Давайте ненадолго сосредоточимся на душе Пио Барохи. Душа, рожденная в катастрофе коллективного духа, открывает нам печальную панораму: при помощи этой души, как сквозь стекло, мы видим внутренний коллапс Испании. Пейзаж после землетрясения. Разрушенные дома, которые бесстыдно выставляют напоказ свои потайные места: комнаты с обоями в нелепые цветочки, лестничные пролеты, развороченные балки, коридоры в грязной извести; деревья корнями кверху, словно окаменевшие; глубокие трещины, которые обнажают глинистые внутренности земли, залитые грязью, и оттеняющая все это убожество и разруху гипсовая пыль, которая взмывает к солнцу и танцует в безудержном юношеском ликованье, пронизанная золотистыми молниями, похожими на натянутые струны арфы. Из этого тотального разорения вздымается неудержимое желание новой, подлинной жизни [104].

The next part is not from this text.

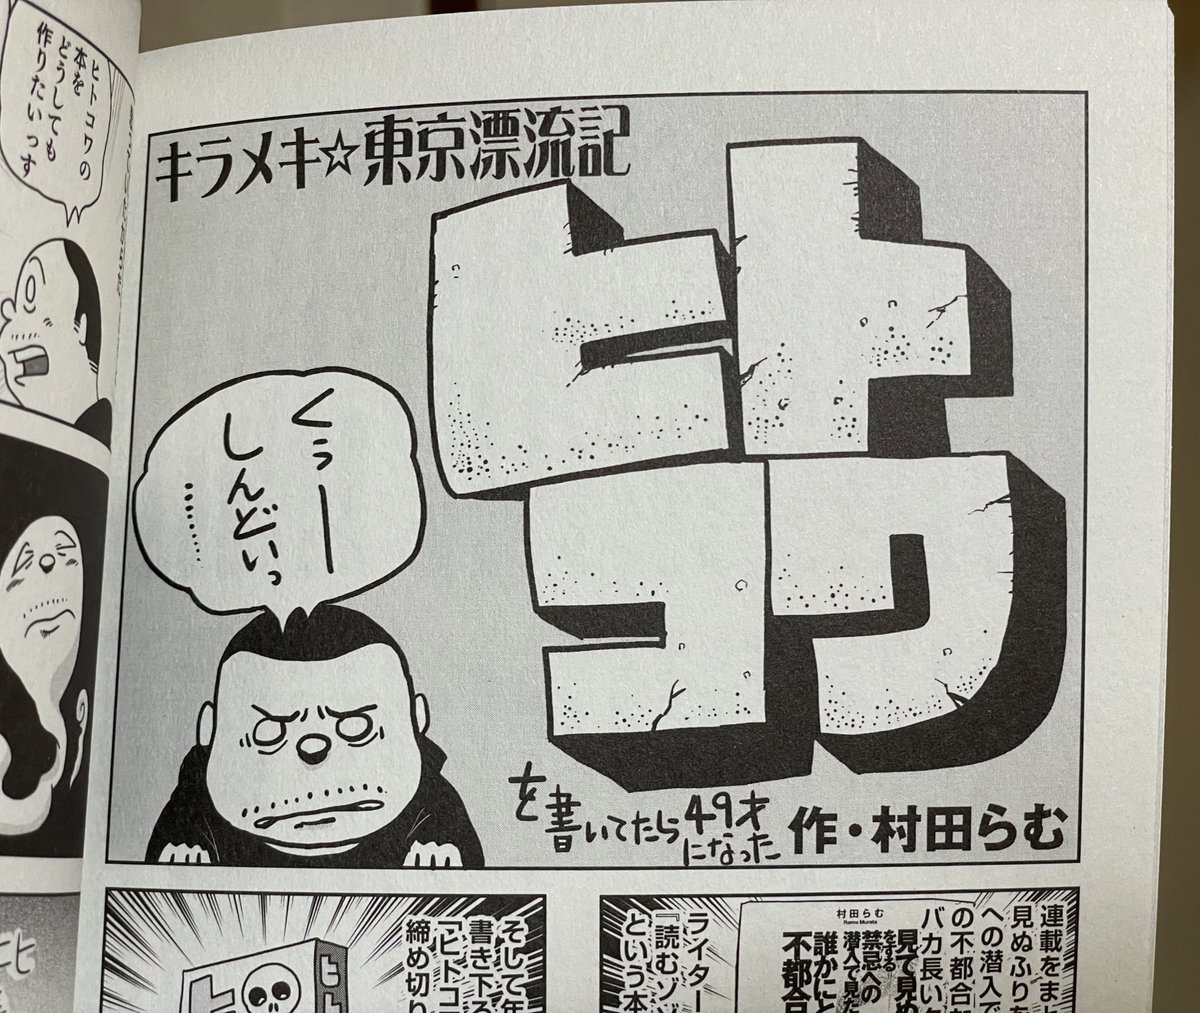 今月の、紙の爆弾 キラメキ東京漂流記は、ヒトコワ単行本描いてたら49歳になった話です。 
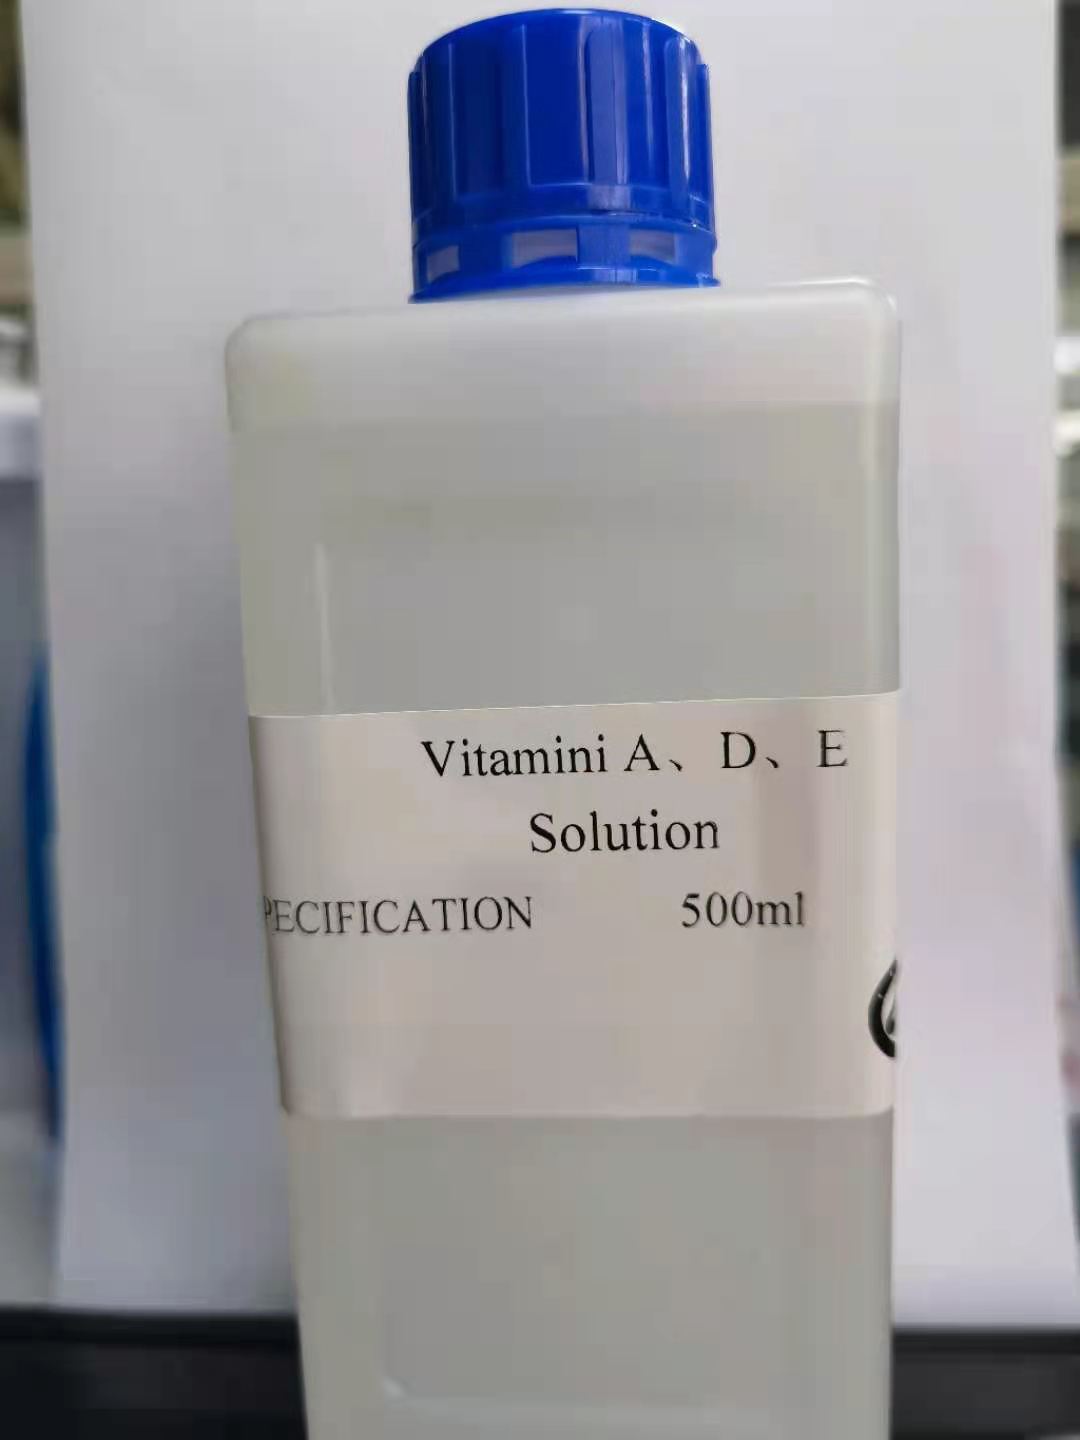 Vitamini A、D、E Solution (1).jpg

Есть одно слово, которое во всех своих возможных претерпеваниях появляется в произведениях Барохи с настойчивостью, граничащей с занудством. Я склонен предположить, что в этом слове Бароха затрагивает что-то свое, личное, то, что именно ему нужно сказать: оно вмещает его видение мира in nuce [105] и особенно его понимание Испании. Это слово: лицемерие!

Когда Бароха говорит о ком-то, что он лицемер, то это в порядке вещей. И почти всё вокруг выглядит лицемерием, и почти все — лицемерами. Приглядитесь, каким образом это оскорбление связано с самой философией Барохи.

Лицемерие, фарс — это такая особая реальность, в которой разыгрывается сама реальность. Это означает, что реальность имеет два плана: внешний, очевидный, демонстративный и внутренний, сущностный, который в первом проявляется. Задача внешней реальности адекватно представить внутреннюю, если это не лицемерный фарс. Задача внутренней реальности — быть адекватно представленной, если это опять-таки не лицемерие. Пример: человек, изо всех сил защищающий какие-то принципы, которые в глубине души его не интересуют, — лицемер.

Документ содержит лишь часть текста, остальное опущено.